Amor Towles: Well, you know, I think that--hopefully, a well-written novel can be a font of discovery for all of us. Right? So, I'm not trying to create the Count as an exemplar. I'm not trying to create the Gentleman in Moscow as a tool for better living.

So, let me just sort of talk about what I'm trying to do, and then we can tie it to the specific aspect of your question. Which is that I'm very interested in the fact that the novel at its best is in essence a machine for meaning.

If you think about the composition of a novel, what it is, is it's literally a thousand elements of craft that are being brought together.

And, those elements of craft include elements of plot, of setting, of characterization, of sequences of dialogue, of the expression of sentiments and ideas. There's allusion and allegory and all kinds of poetic elements that are a part of it.

These are all elements of craft, of the structure--like we've talked about. And, then you have word choice itself, and phrasing, and point of view and cadence and the poetry of the language.

All of these are elements of craft.
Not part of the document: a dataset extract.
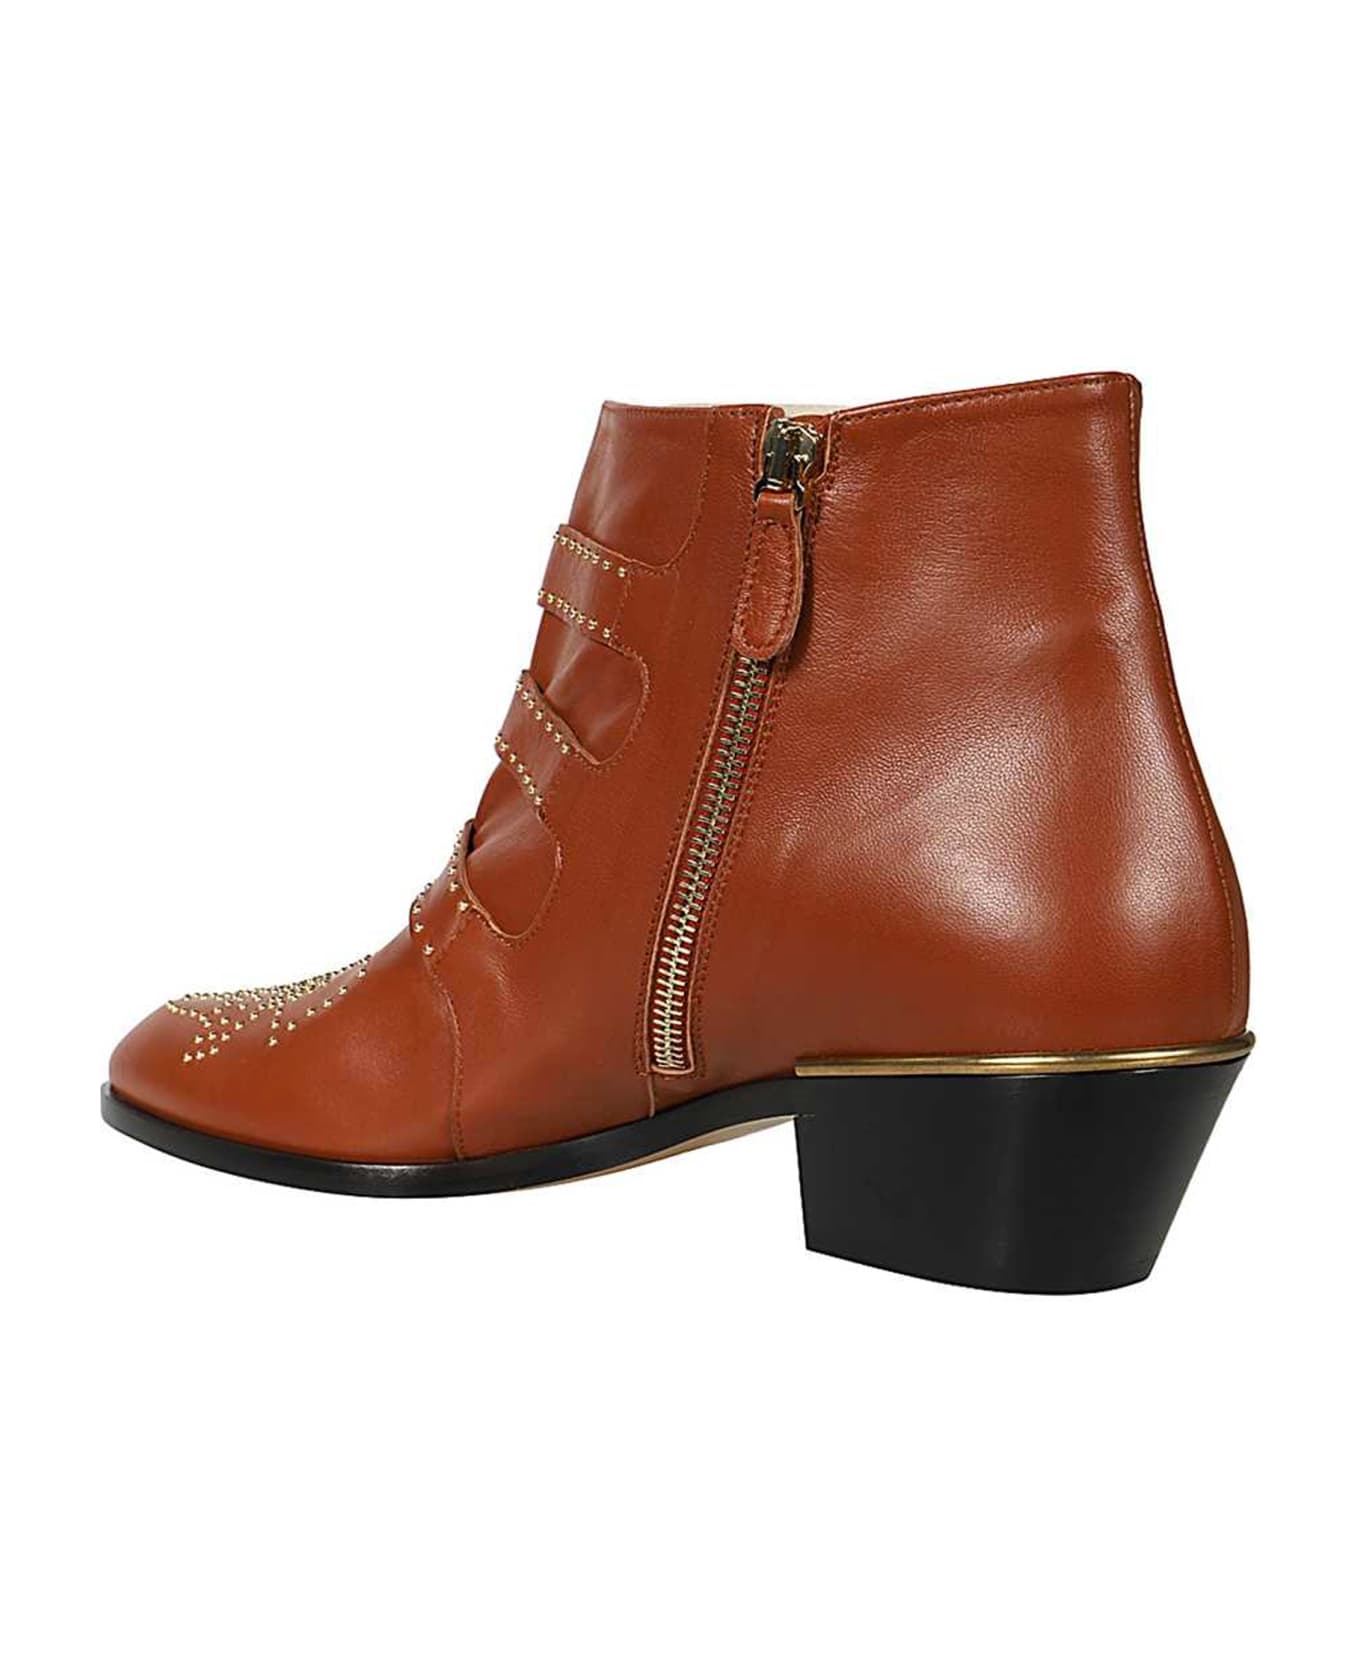 Chloé Leather Susanna Boots - Brown ブーツ

And a novelist--literally thousands of individual choices from the elements of craft to create this work.

Now in its best--at its best--the novel, having been this assembly of elements, is entertaining to readers of all different types, engaging for them.
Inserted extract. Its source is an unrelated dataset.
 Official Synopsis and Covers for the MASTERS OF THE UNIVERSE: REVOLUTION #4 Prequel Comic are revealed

But, the loose array of all these different elements, which are operating in harmony in a well-executed novel, is such that people from different backgrounds, different ages, different personalities can come in and be entertained and walk away with a very different perspective of what it means, right?

Because, as they're reading, they're making their own selection, consciously or unconsciously, of these different components. And, by bringing these components into the forward of their mind, they're saying, 'Ah, this book is really about personal freedom.'

And, I can actually show you that. Because, this happens; and this image and the recurrence of birds, and blah da, da, da, da, da. And, then that's really what this book is about.

And, the person who you're sitting across from at dinner can say, 'Wait, no, wait, no. What this book is really about'--and then they'll go through their version of it. Because, as they're reading it, they're making their own associations, drawing their own connections, highlighting different components of the book in a different way.

And so, and this of course is why, when it is done effectively, a book can survive hundreds of years in the interests of contemporary readership. Right?

You know, we read Tolstoy today with great pleasure. We read--Shakespeare being the extreme example because that's like 500 years of survival. But, it's because of this dynamic that the book is entertaining.

And yet, the loose--the disarray of elements held together in this harmony allow for an invite, a constant reinterpretation of what the text means.

And, this also allows people from different races and genders and social classes to enjoy the work over different periods of time. And for the same person to read the book at the age of 20, 40, and 60 to enjoy it each time and yet walk away with a very different perspective of what it meant to them. You know?

So, this is really the goal. And, whether I achieve it or not, time tells. But, so, you create A Gentleman in Moscow with this as the goal and you hope that different people are coming to it and discovering different things. The personality of the Count and his ethos is one element. And, you hope that the richness of the book will serve and engender different insights for different people--many of which are beyond the scope of even my understanding. That's the ideal.

Russ Roberts: Well, I'm very grateful that--I don't know whether I should be happy or sad but you can tell me, as to whether we've delayed the next Amor Towles novel this morning. And, if so, are you willing to give us a hint as to what that is?

Amor Towles: My new novel, coincidentally or maybe not coincidentally, it does start in Cairo in the 1940s. I read the Mahfouz half a decade ago. But, my new book starts in Cairo in the mid-1940s for a very different reason and ends in New York in 1999. But, that's all I'll tell you about it.

Russ Roberts: My guest today has been Amor Towles. Amor, thanks for being part of EconTalk.

Amor Towles: Thanks for having me, Russ.